■ **EXERCISE AIM**: Skip the pictures and write out, word for word, the lines below from the one with "Casal neozelandês transforma" through the one with "Xe tải Đô Thành IZ65 Tại Tây Ninh", inclusive.

■ **RECORDS FOR THE EXERCISE**:

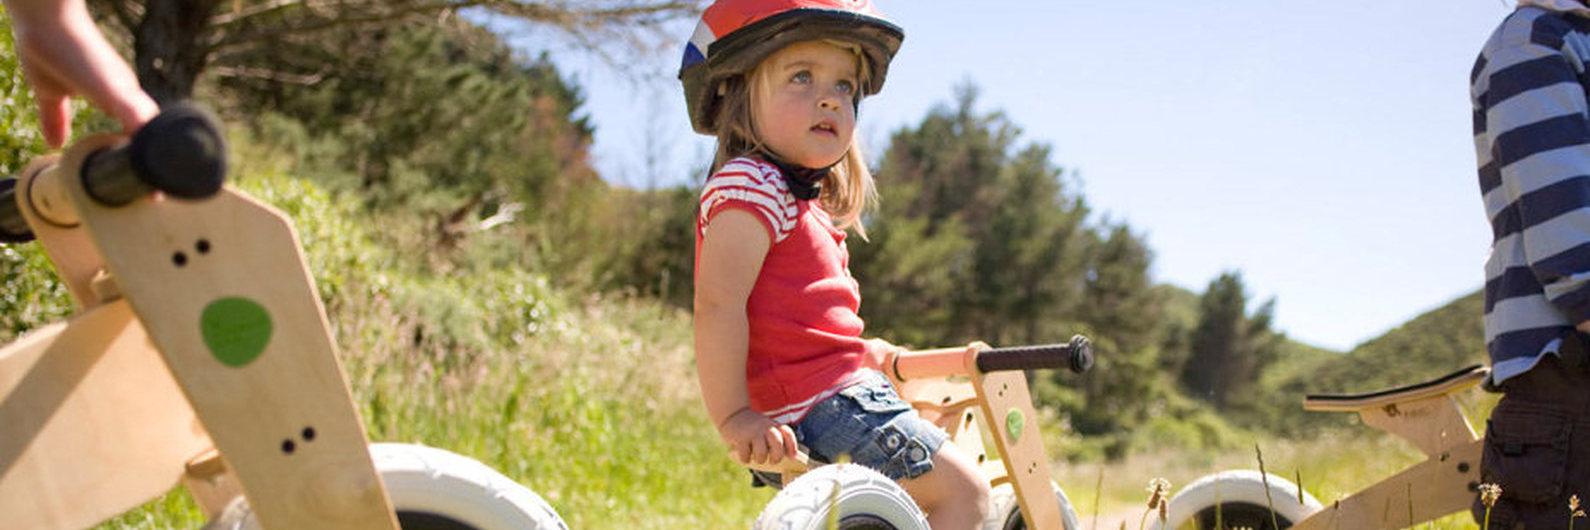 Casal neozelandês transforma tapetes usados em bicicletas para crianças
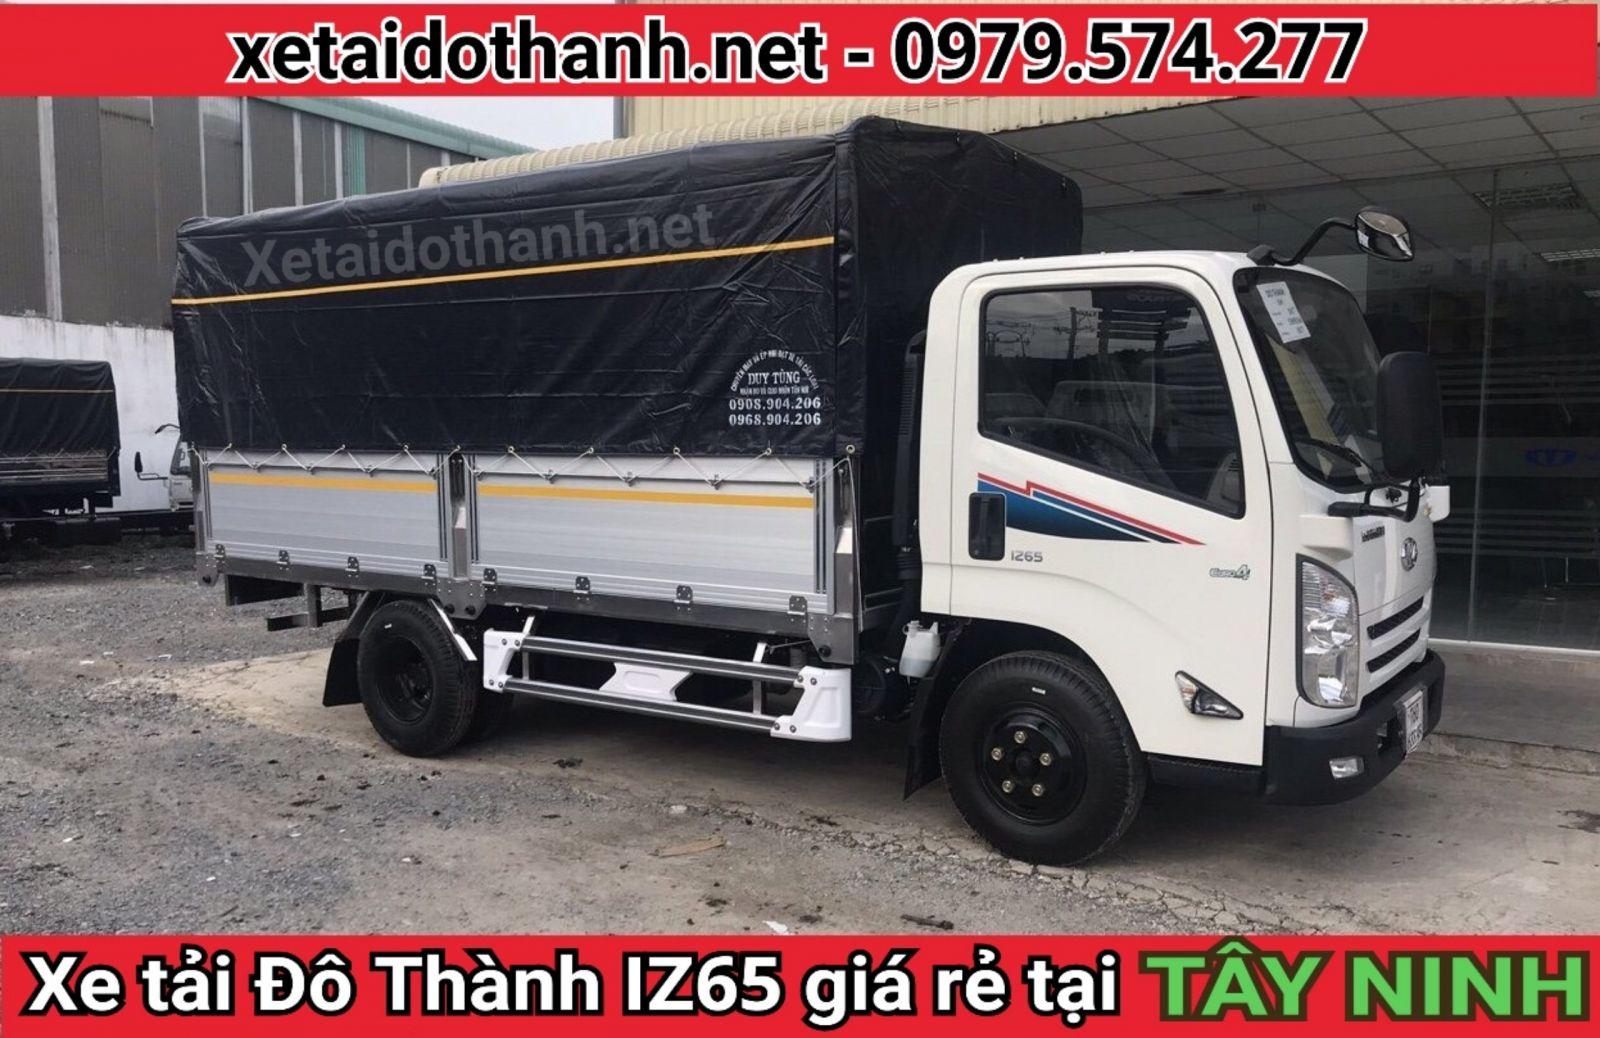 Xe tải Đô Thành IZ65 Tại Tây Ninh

==

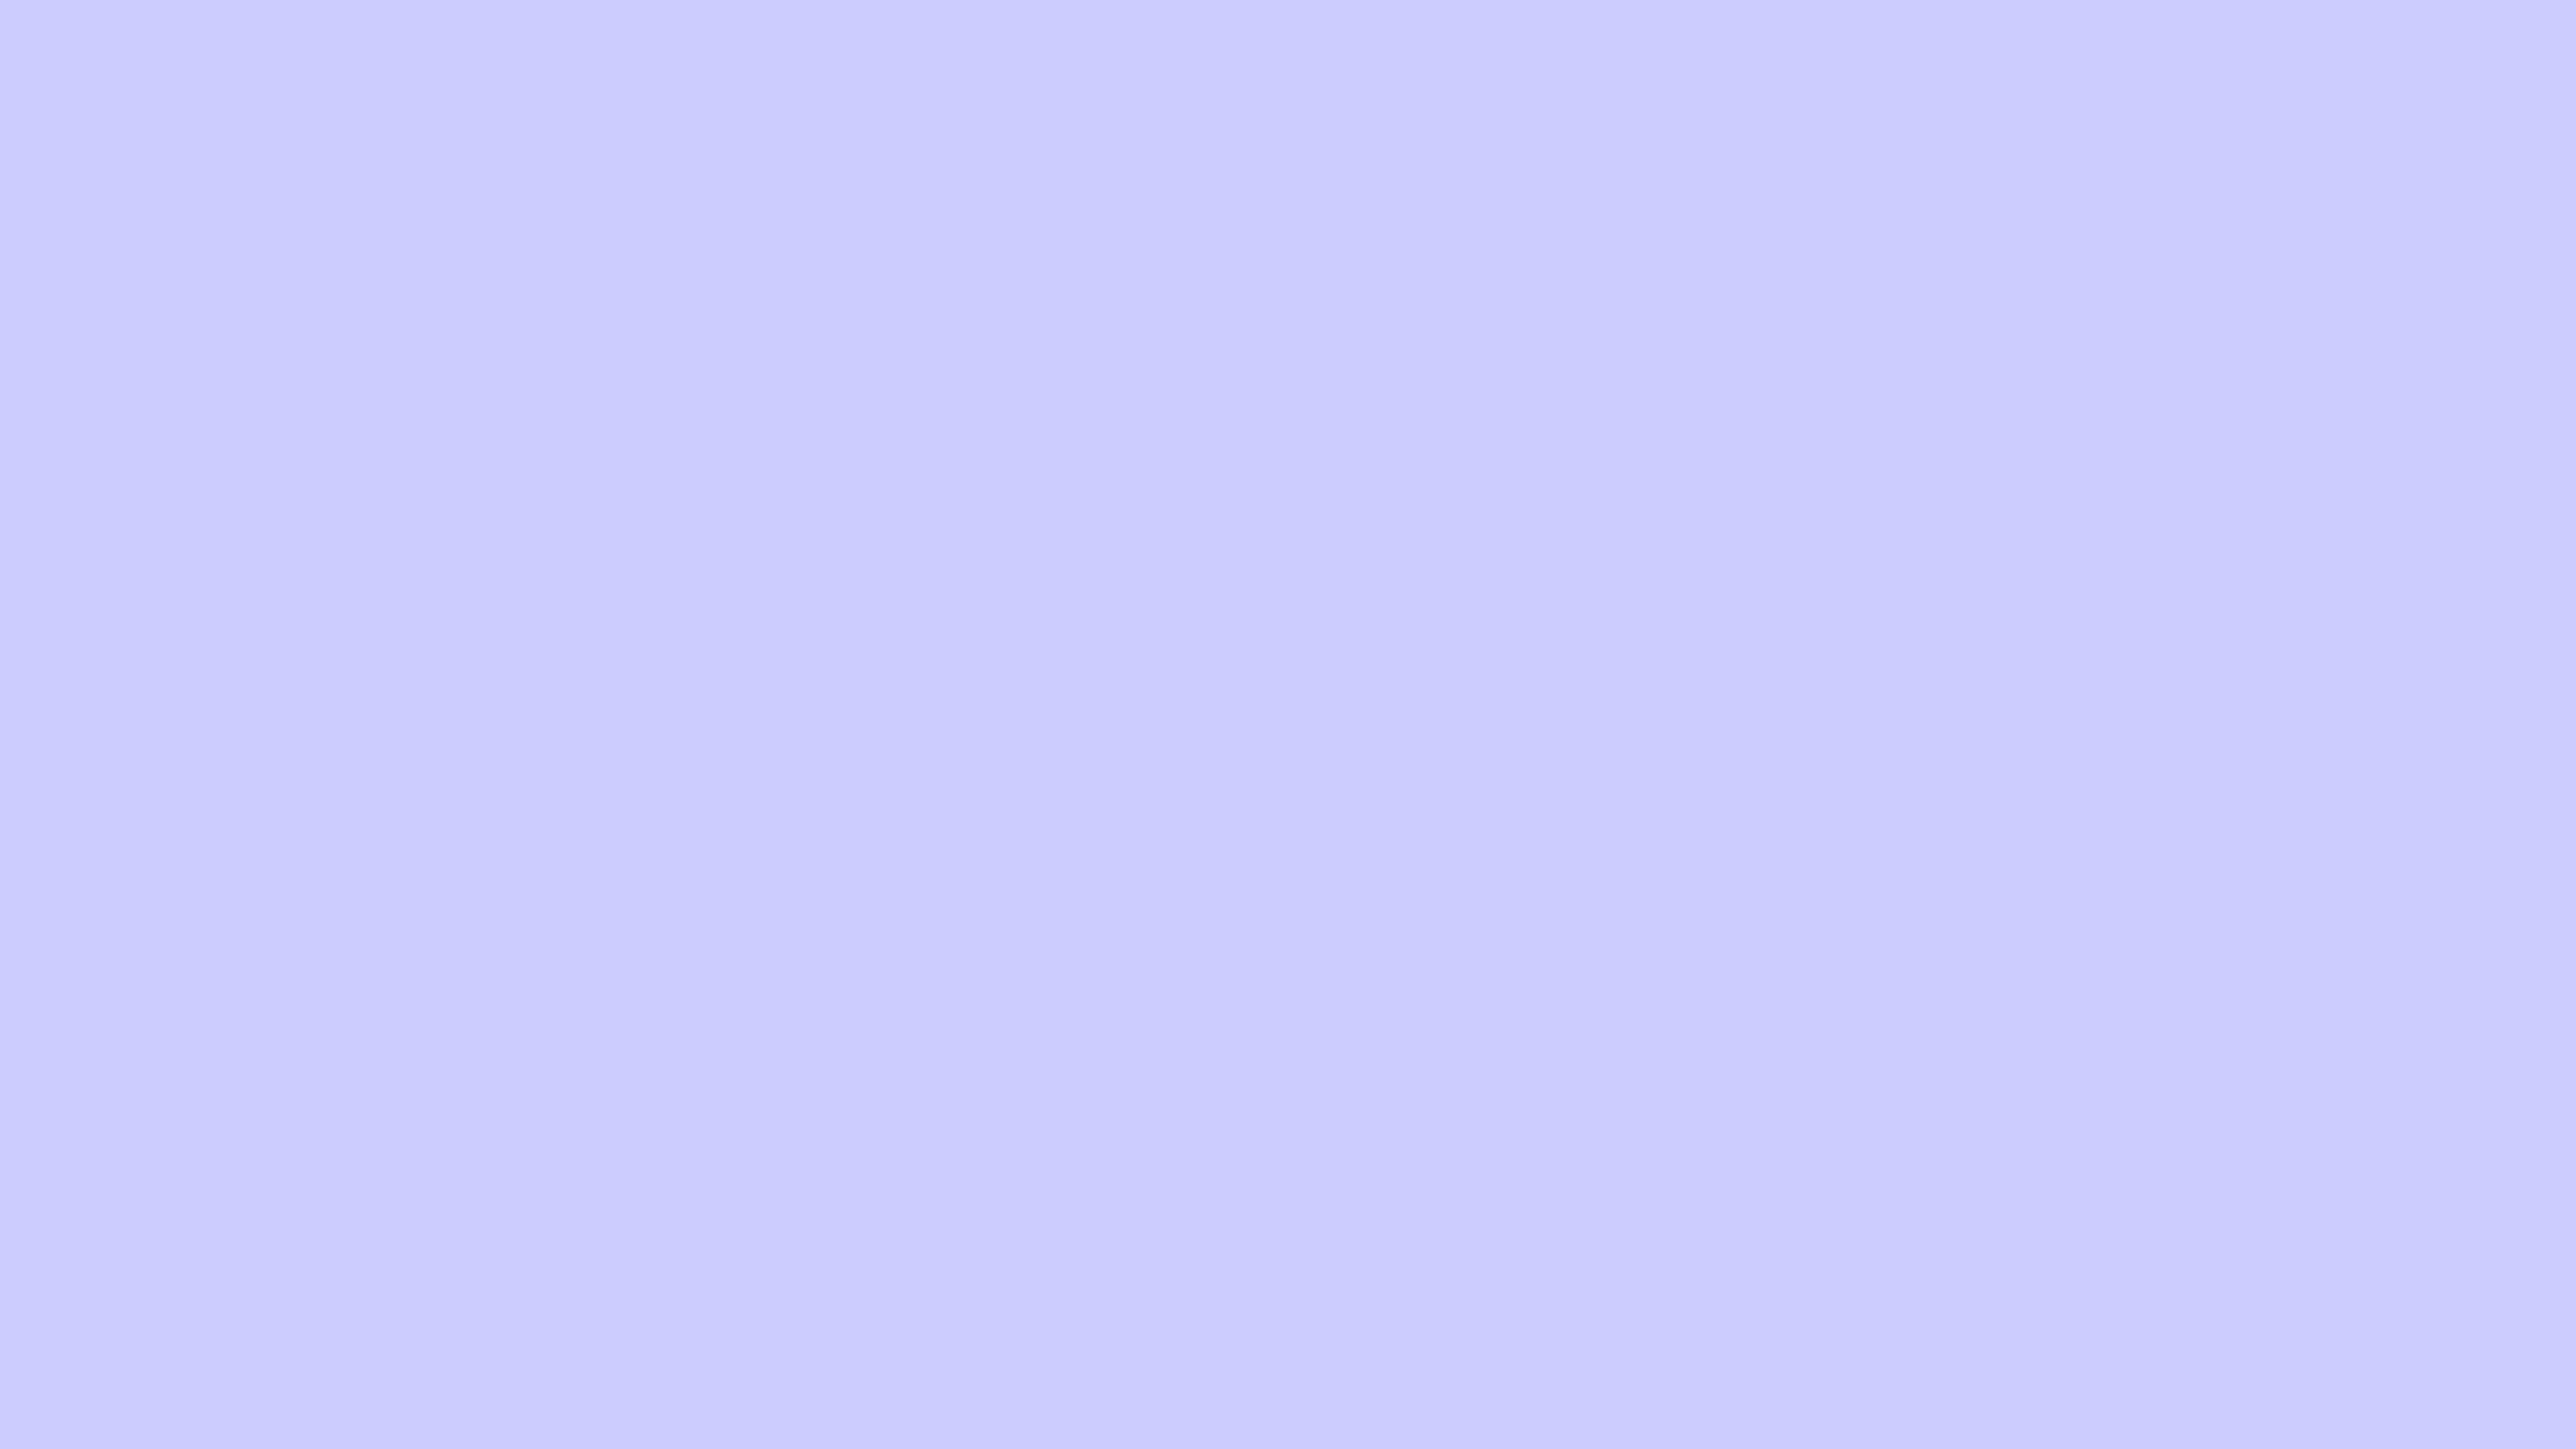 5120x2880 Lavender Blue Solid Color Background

--

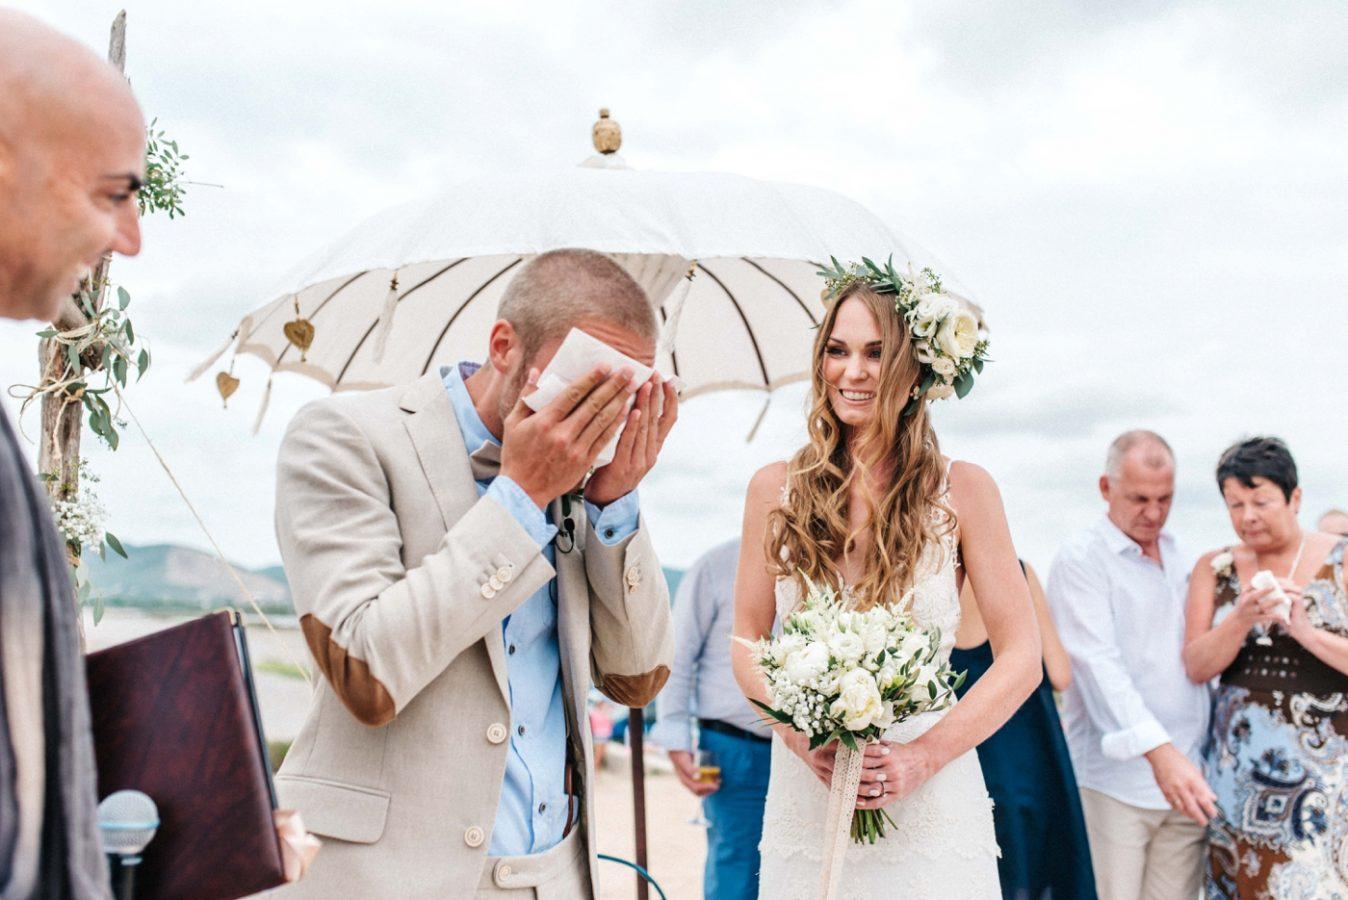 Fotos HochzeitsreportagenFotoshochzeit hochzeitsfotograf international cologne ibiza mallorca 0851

■ **EXPECTED ANSWER**:
 Casal neozelandês transforma tapetes usados em bicicletas para crianças
 Xe tải Đô Thành IZ65 Tại Tây Ninh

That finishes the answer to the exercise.